BSU dinilai hanya mengatasi masalah dalam jangka pendek. BSU juga tidak sampai menyentuh pada para Pekerja Informal yang tidak terdaftar di BPJS Ketenagakerjaan yang menurut data BPS mencapai 78,14 juta orang.
c. Petani kecil, nelayan tradisional, buruh, pelajar dan mahasiswa yang sedang menuntut ilmu serta masyarakat umum adalah korban langsung dari kebijakan ini
d. Inflasi akibat kenaikan harga BBM juga berdampak pada sektor pendidikan formal dan non-formal. Pertumbuhan angka kemiskinan pada akhirnya akan berdampak pada jumlah generasi muda bangsa yang harus putus sekolah.
2. APBN Bukan Alasan. Dalam laporan APBN, sepanjang Bulan Januari sampai Bulan Juli 2022 serapan subsidi energi baru sampai pada Rp88,7 triliun. Sementara, APBN sedang surplus Rp106,1 triliun atau 0,57 persen dari PDB yang di periode Bulan Juli 2022.
3. Bukan Kenaikan Harga, Tetapi, Perbaiki Sistem Subsidi BBM Pemerintah melalui Kementerian Keuangan bahwa subsidi untuk solar yang beredar di pasar, 89%-nya dinikmati oleh dunia usaha.
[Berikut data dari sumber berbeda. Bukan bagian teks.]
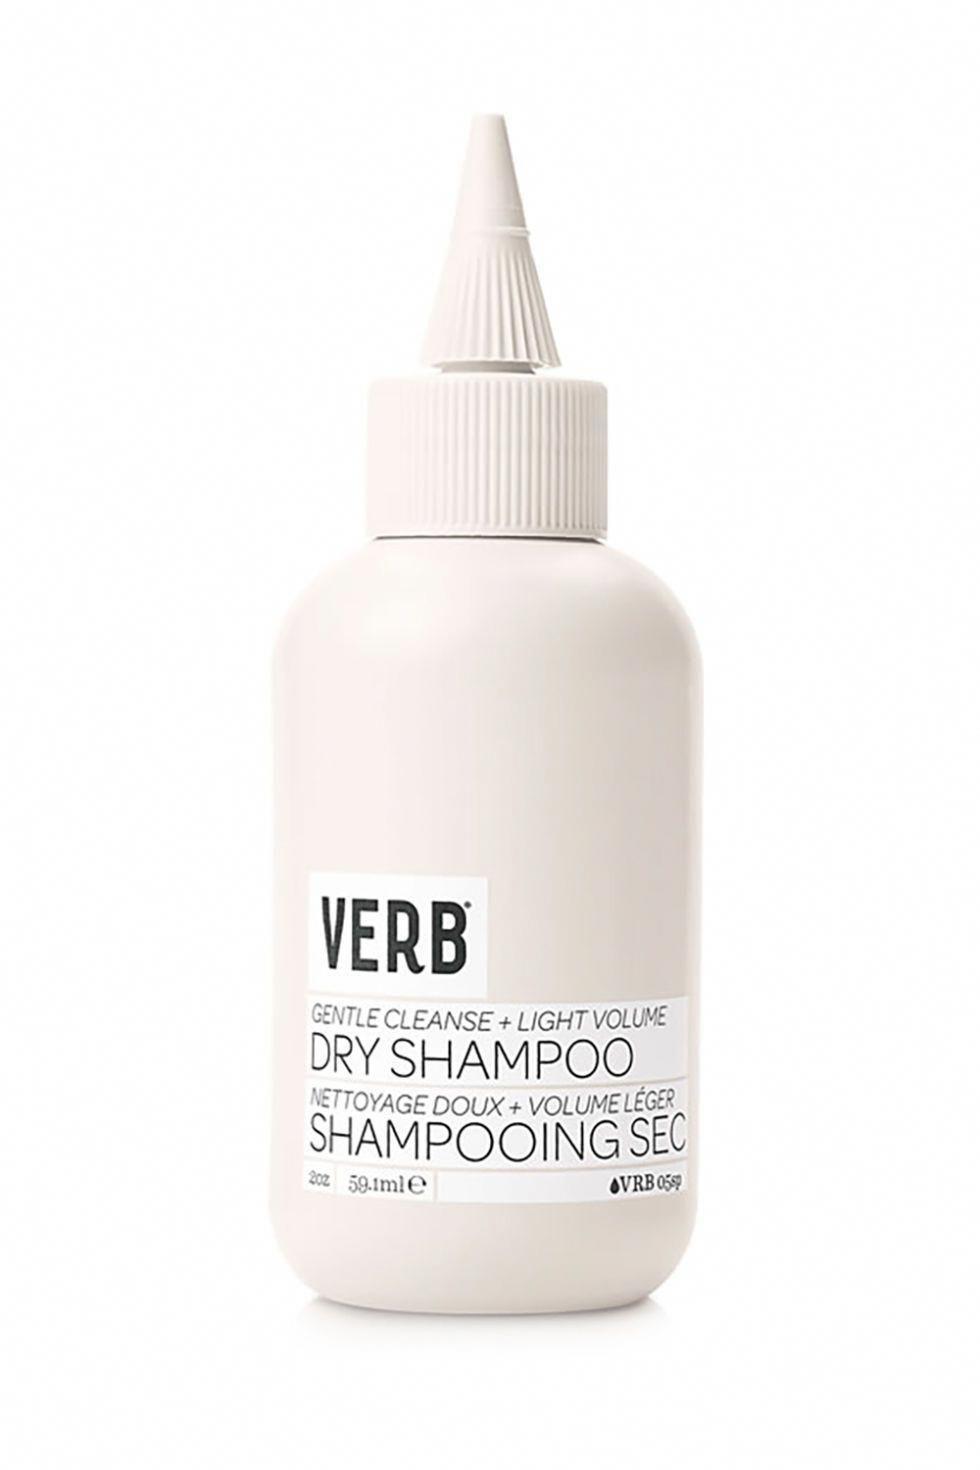 Verb Dry Shampoo at Sephora itlookshealthier it looks

Sehingga, hanya 11% dari keseluruhan kuota subsidi yang dinikmati masyarakat menengah ke bawah. Adapun untuk jenis BBM penugasan jenis Pertalite subsidinya dinikmati oleh 86% kalangan mampu.
Hanya 14 persen dari keseluruhan subsidi solar yang dipakai oleh masyarakat. Kebocoran BBM Bersubsidi jenis solar pada pertambangan, industri dan lainnya harus ditertibkan.
Rekomendasi ini diharapkan dapat menghemat subsidi dan APBN tanpa harus mencekik bangsa dan rakyat.